In 1218, Genghis Khan defeated Kuchlug, a Nestorian Christian khan (khan) of the Naiman tribe of western Mongolia, who ruled the Khanate of Kara-Kitai. However, as the Italian traveler Giovanni da Pian del Carpine observed, by the 13th century there was hardly any tolerance for Christians, and the Nestorians were already in decline precisely because of the rise of Genghis Khan, who had to contend with rivals who practiced a syncretism of Nestorian Christianity and shamanism.


This fact of placing Prester John in Kitai, Cathay, reminded me of the representation of the city of Quinsay which seems to be full of Obelisks and I believe a Pyramid.




La cosmographie universelle d'André Thevet. Vol. 1 (Afrique, Asie) / ,... illustrée de diverses figures des choses plus remarquables veuës par l'auteur... Tome 1er [-4e] | Gallica
https://lbezone.ust.hk/rse/wp-content/plugins/wp-imagezoom/zoom.php?id=LQgin​
All this about an Ethiopian descendant of Pres. John in Ethiopia reminded me of this picture:




*Queen Elizabeth II, the first and only time she has ever bowed to African royalty*
​*Also take a look at KD's thread in his forum: What event turned Scythia into Tartary?*


----------



## Silveryou (Dec 24, 2021)

HELLBOY said:


> I understand that many believe that in the 15th century the Portuguese came in contact with the Christian kingdom of Ethiopia, in Africa, thought they had found this kingdom, considering the Ethiopian negus or negus negusti (king of kings) as the mythical Prester John.


It seems to me that in this case as in many others we have a sort of geographical duplication, with a northern and southern representation which look at each other like in a mirror.

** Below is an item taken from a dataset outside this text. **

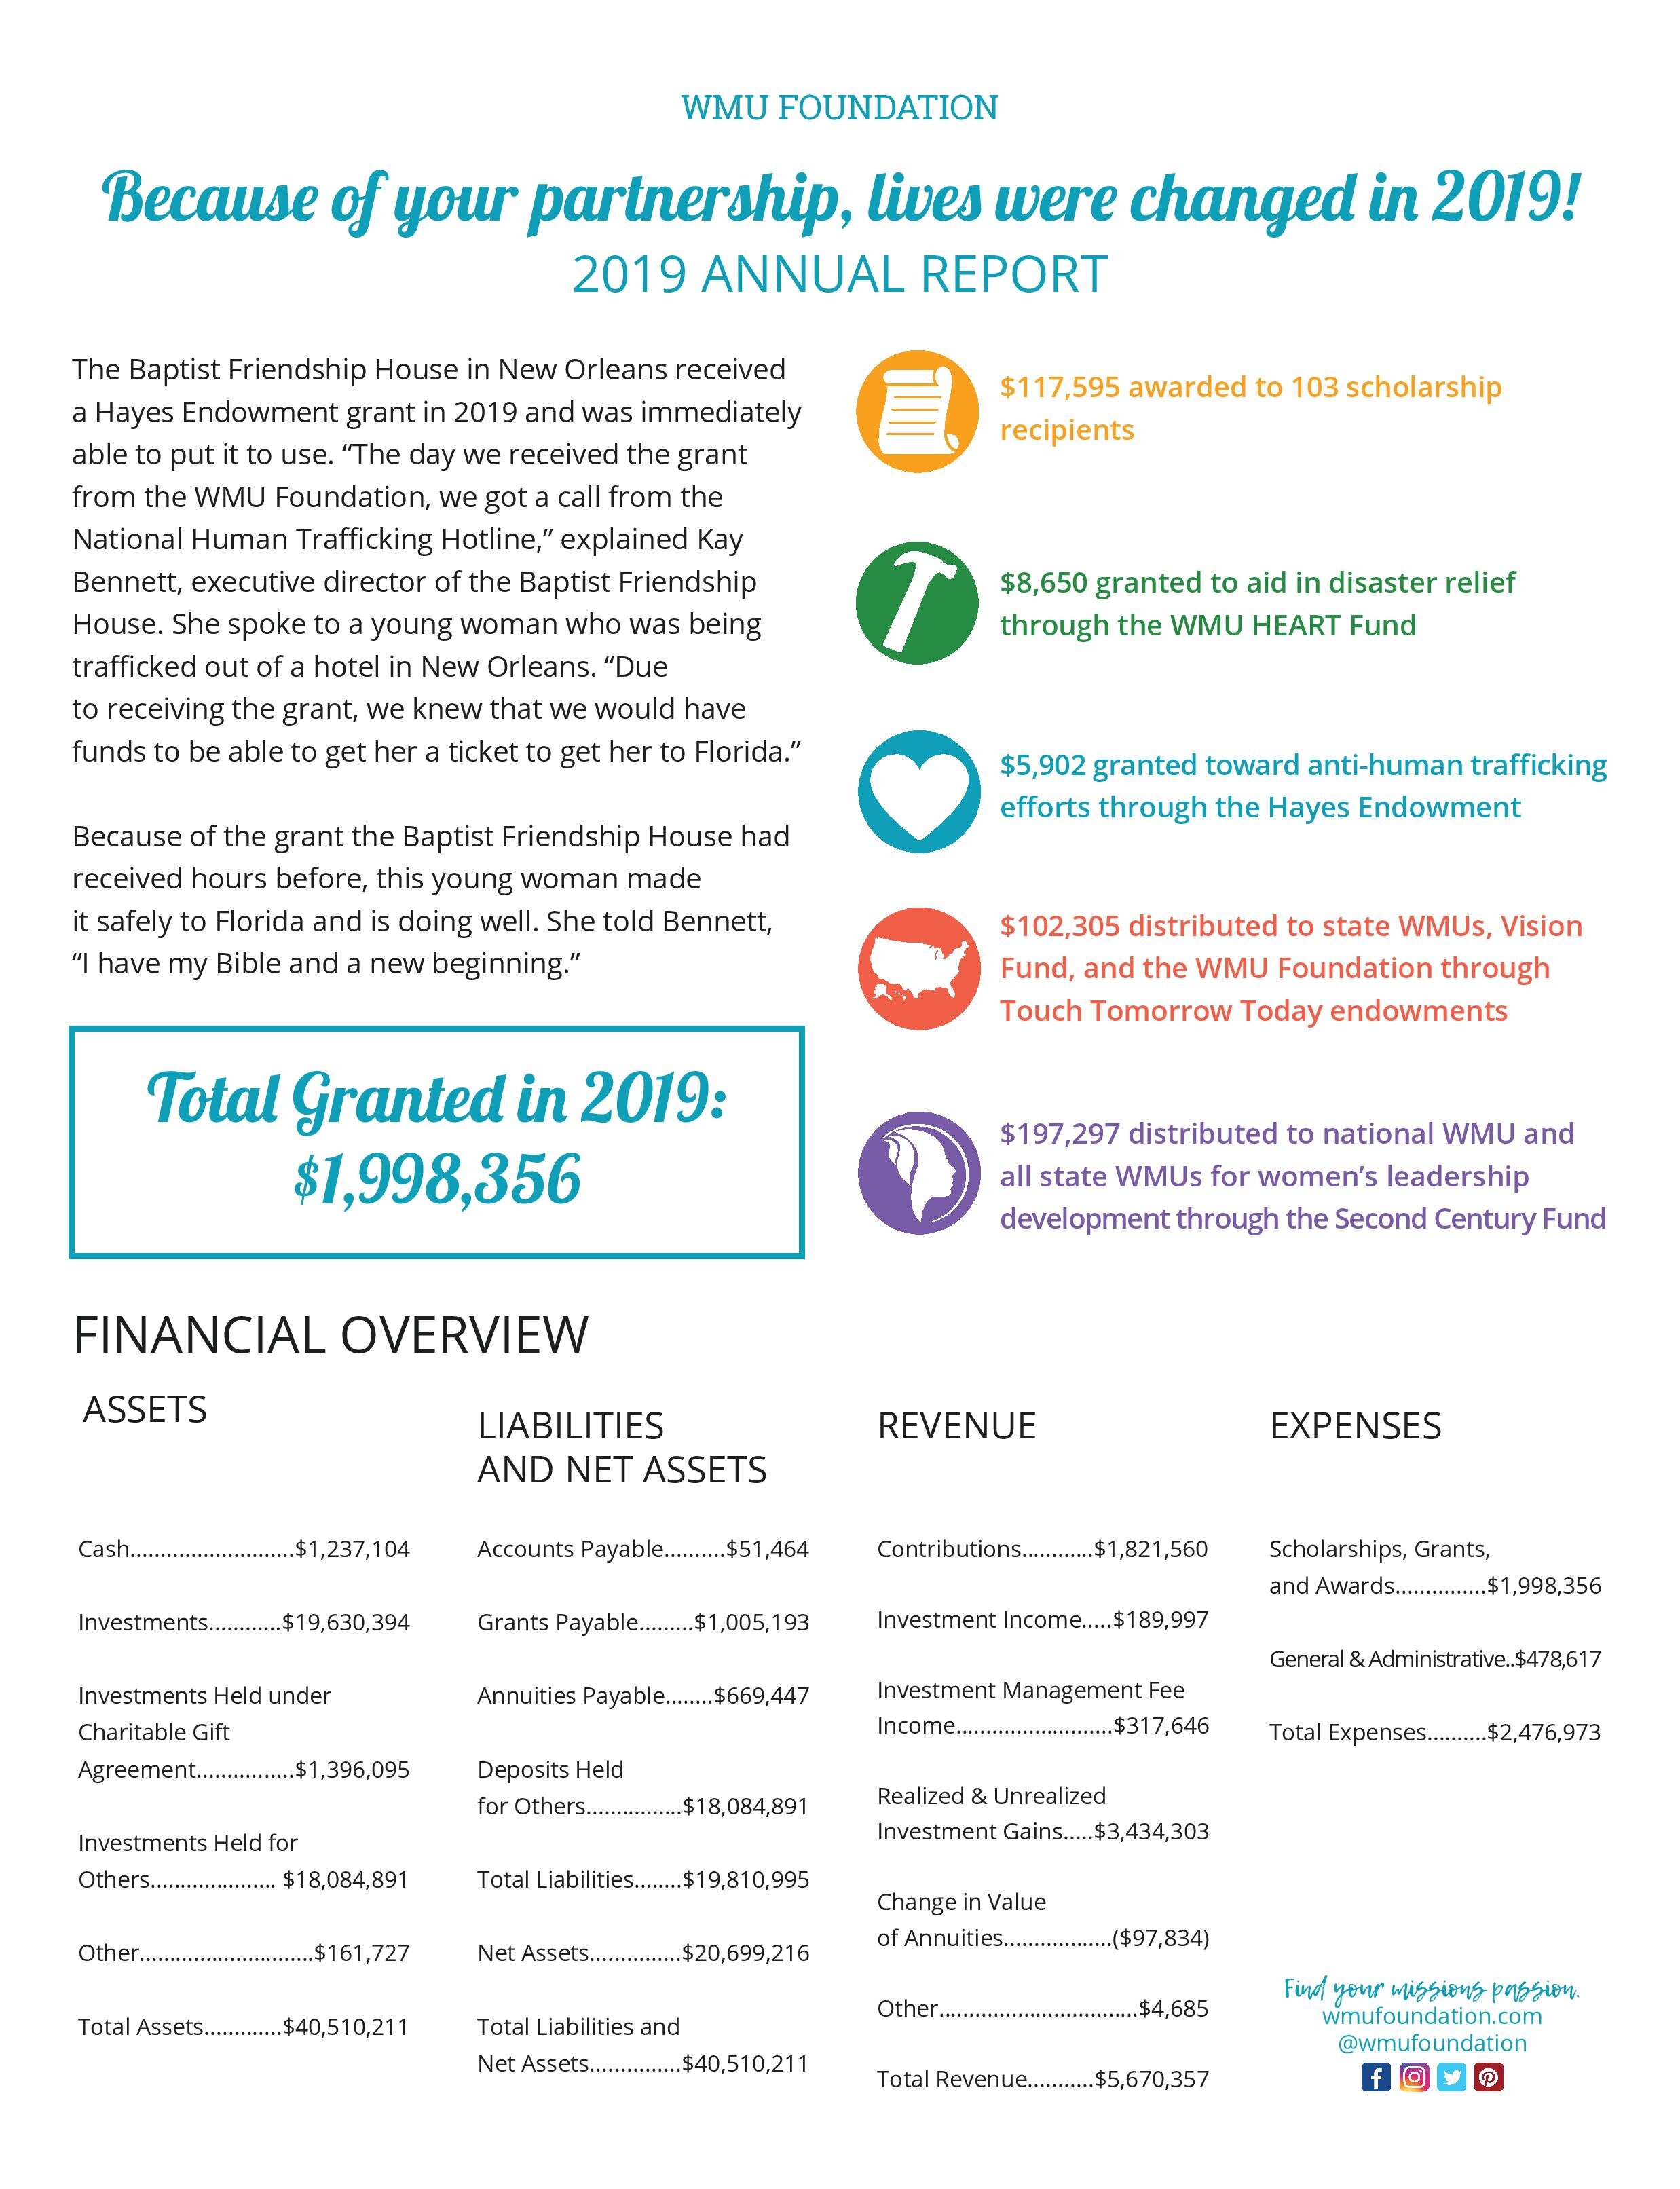 2019 Annual Report02-page-001.jpg

I can't really reply to everything, but if we remain in Africa then I know these geo-maps made by Stefano Bonsignori allegedly around the end of the 16th century and kept in Palazzo Vecchio in Florence. There are various captions which talk about Ethiopian history as seen in that period according to an Italian perspective. I'm not going to comment on them now 'cause it's too much.

















_Sudan _map (rough translation): "Saturn also called Cur son of Camese was true first King of this province (not very sure of the translation), initially called Eterea, afterwards called Ethiopia after King Etiope, and in which land the divine cult was always followed. A part of this region was occupied by the Indians, who didn't change its name though, and no other people entered therein. Only Cambyses planned to occupy it, but he gave up since the army was destroyed for lack of supplies. Ethiopians sent colonies in Egypt and Italy under Phaethon. They had their throne in Meroe, then Garama, nowadays in Zambra. It was since the beginning a mighty reign and it remained such even when changing government (not sure here). They say that their Emperor, called *pte Iani* (Priest John) is born from the lineage of David. And to avoid chances of revolutions in the state and dissent, only those with his blood live freely, the others all under vigilance. They accepted the faith in Christ by the predications of Philip the Apostle, and they never left it."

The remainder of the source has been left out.